▶ _Description of the task_: Exactly the lines below from the line with "Correísta Luisa González" through the line with "The Wick - Vincent" must make up the answer, both ends included and pictures left out.

▶ _Data for this exercise_:
* * * * * * *
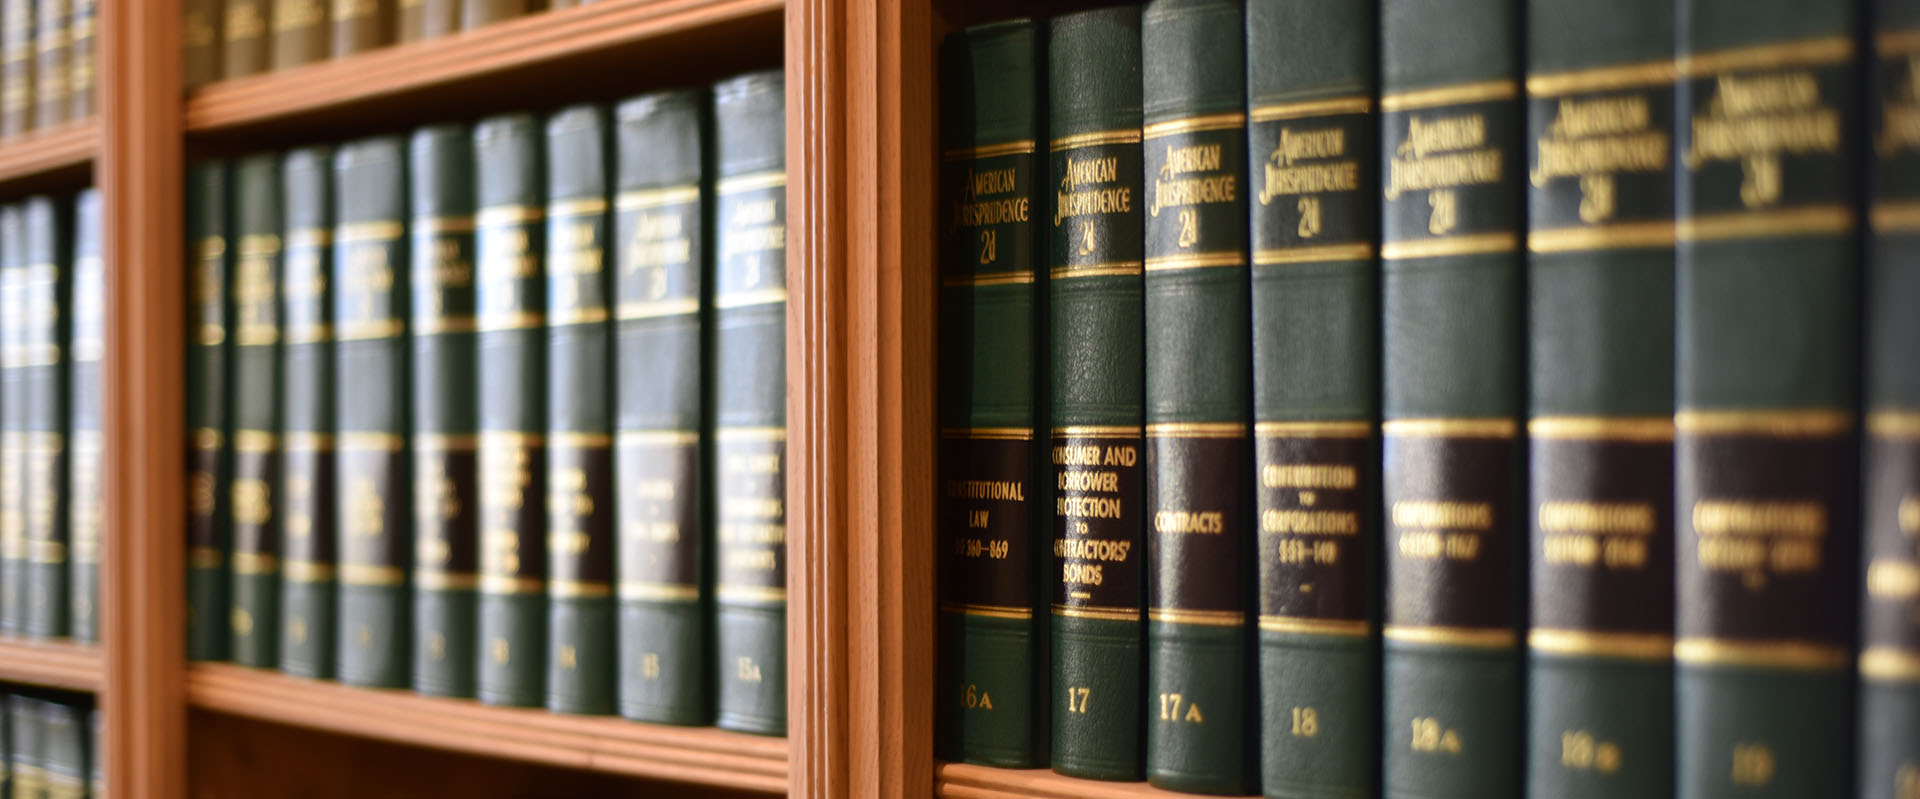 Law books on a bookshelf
* * * * * * *
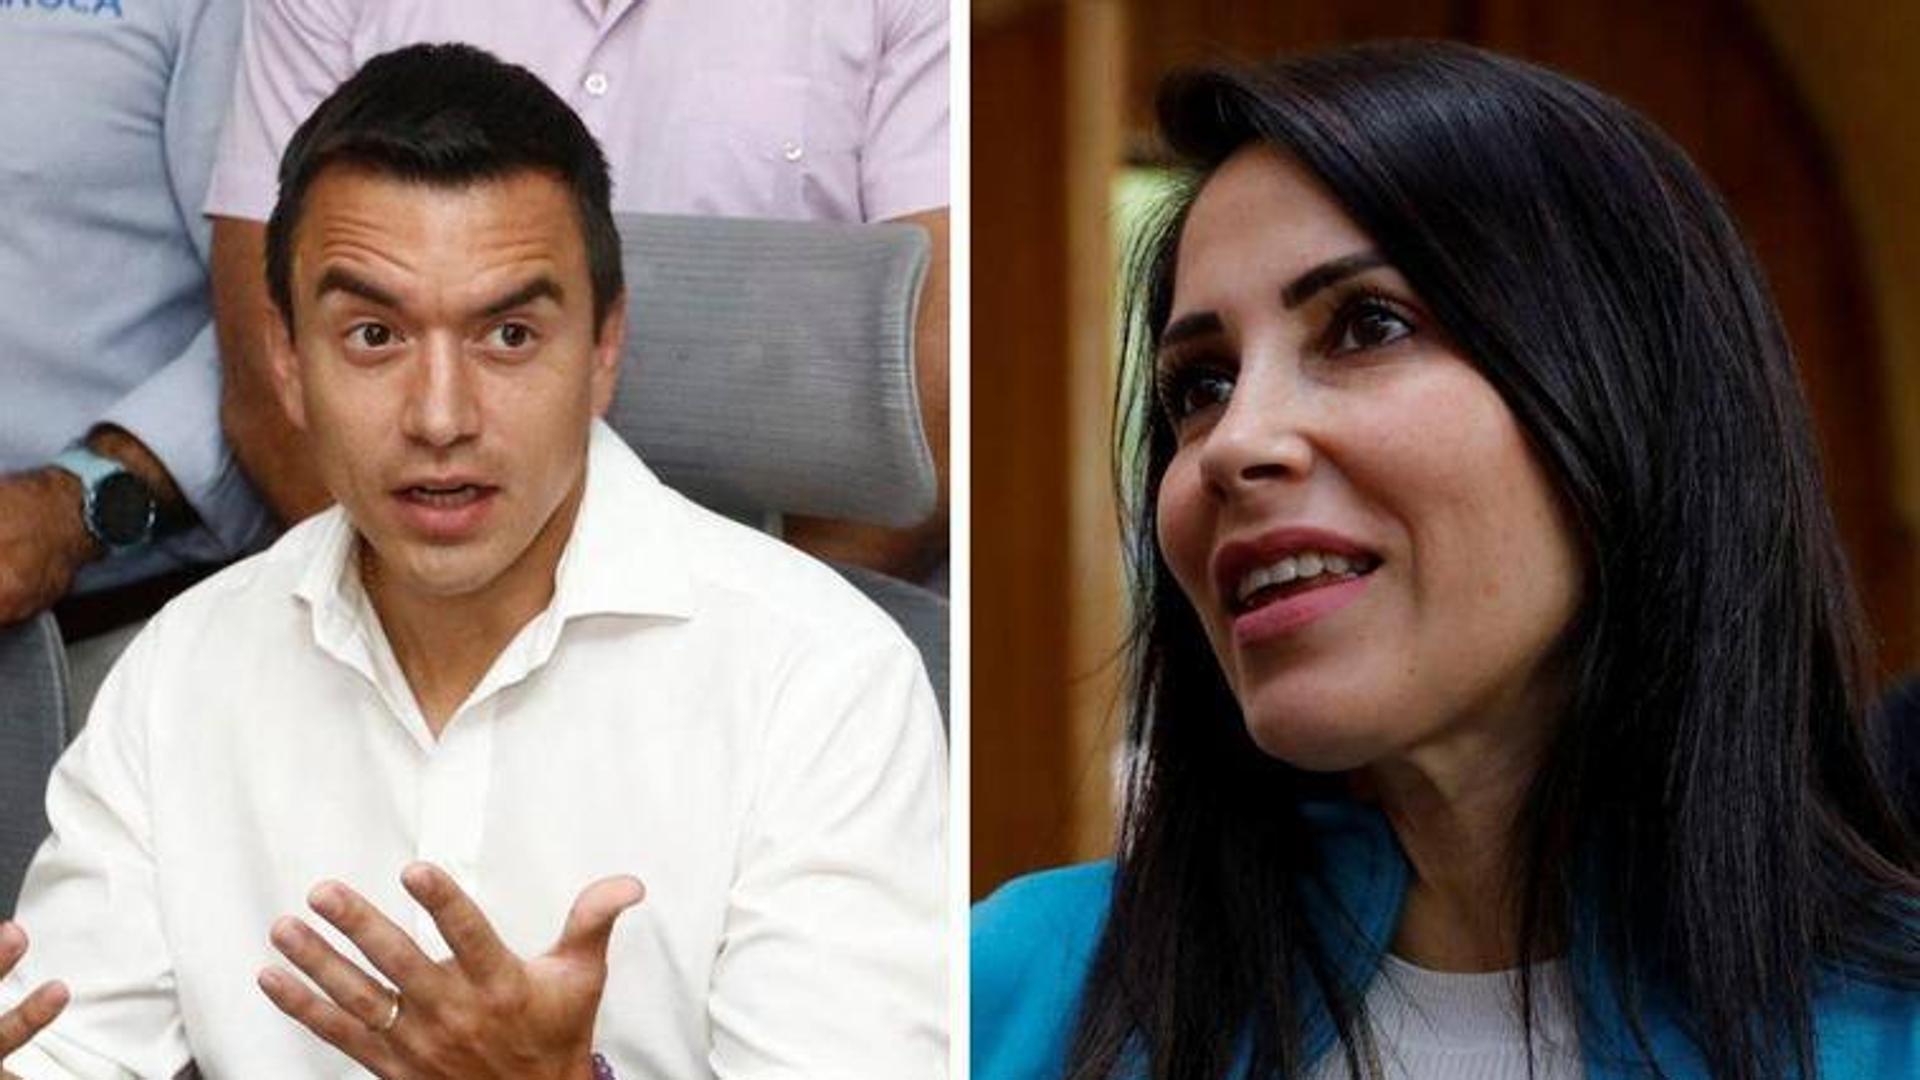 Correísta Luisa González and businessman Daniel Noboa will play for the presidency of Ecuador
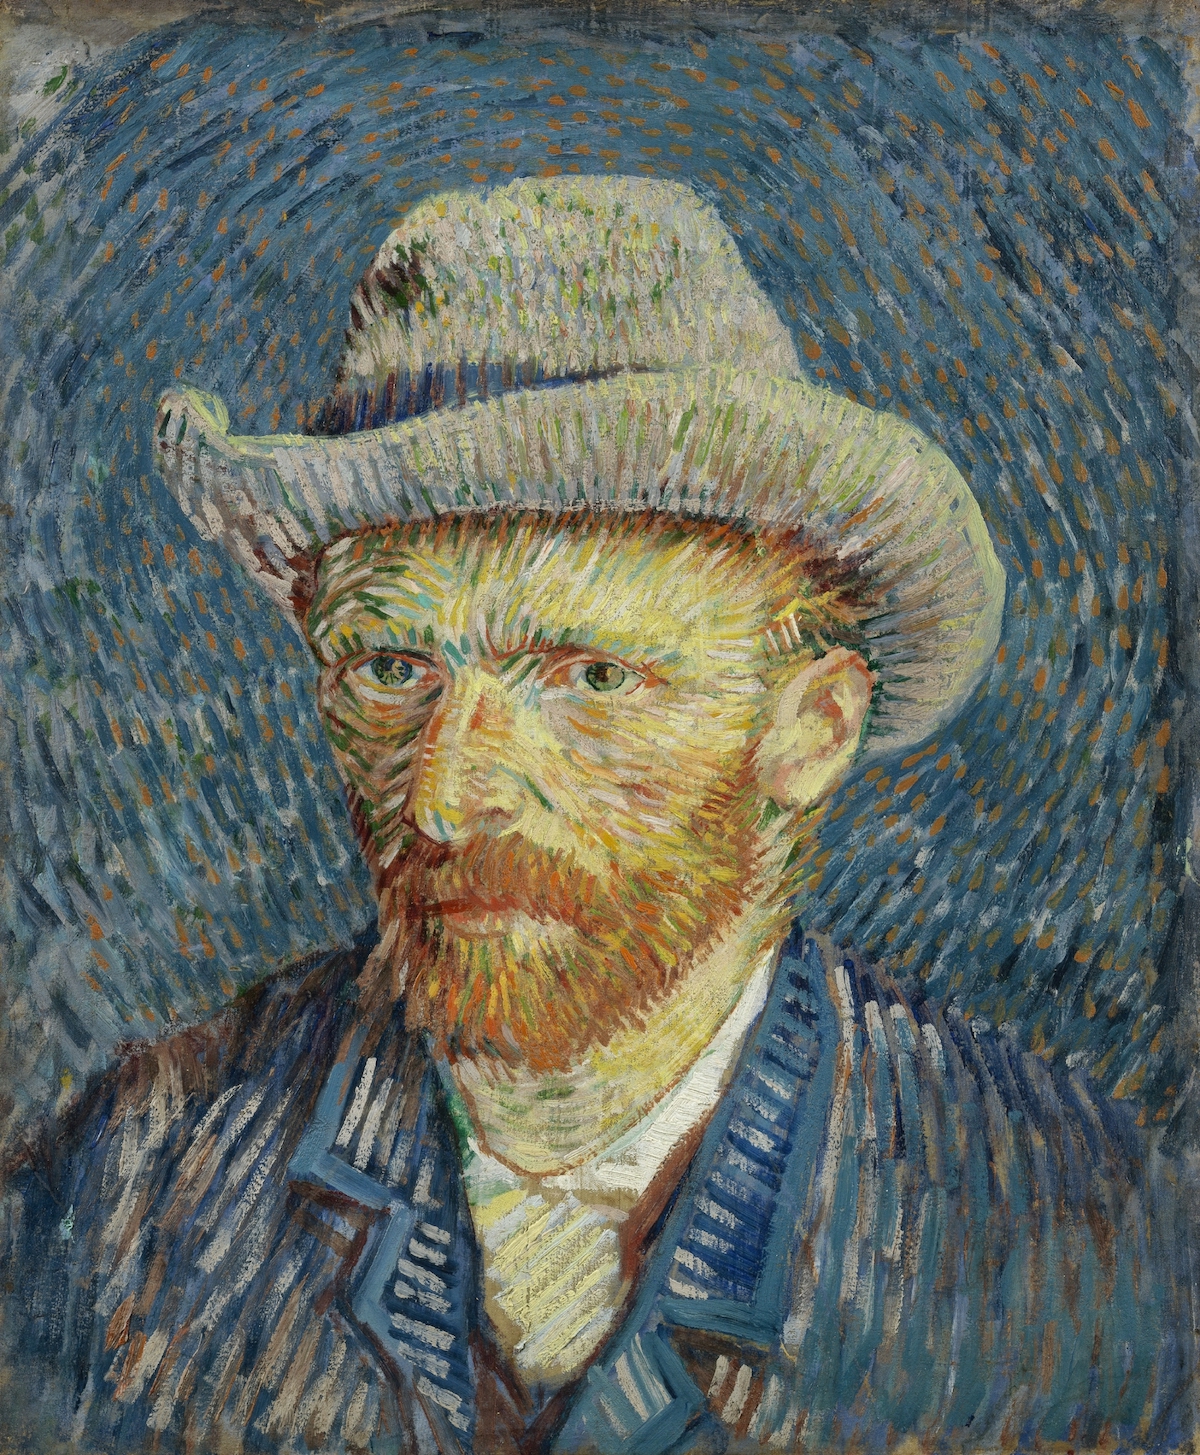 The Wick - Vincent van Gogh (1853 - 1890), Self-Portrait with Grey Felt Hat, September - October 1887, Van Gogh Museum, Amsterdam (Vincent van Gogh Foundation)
* * * * * * *
▶ _Task result_:
 Correísta Luisa González and businessman Daniel Noboa will play for the presidency of Ecuador
 The Wick - Vincent van Gogh (1853 - 1890), Self-Portrait with Grey Felt Hat, September - October 1887, Van Gogh Museum, Amsterdam (Vincent van Gogh Foundation)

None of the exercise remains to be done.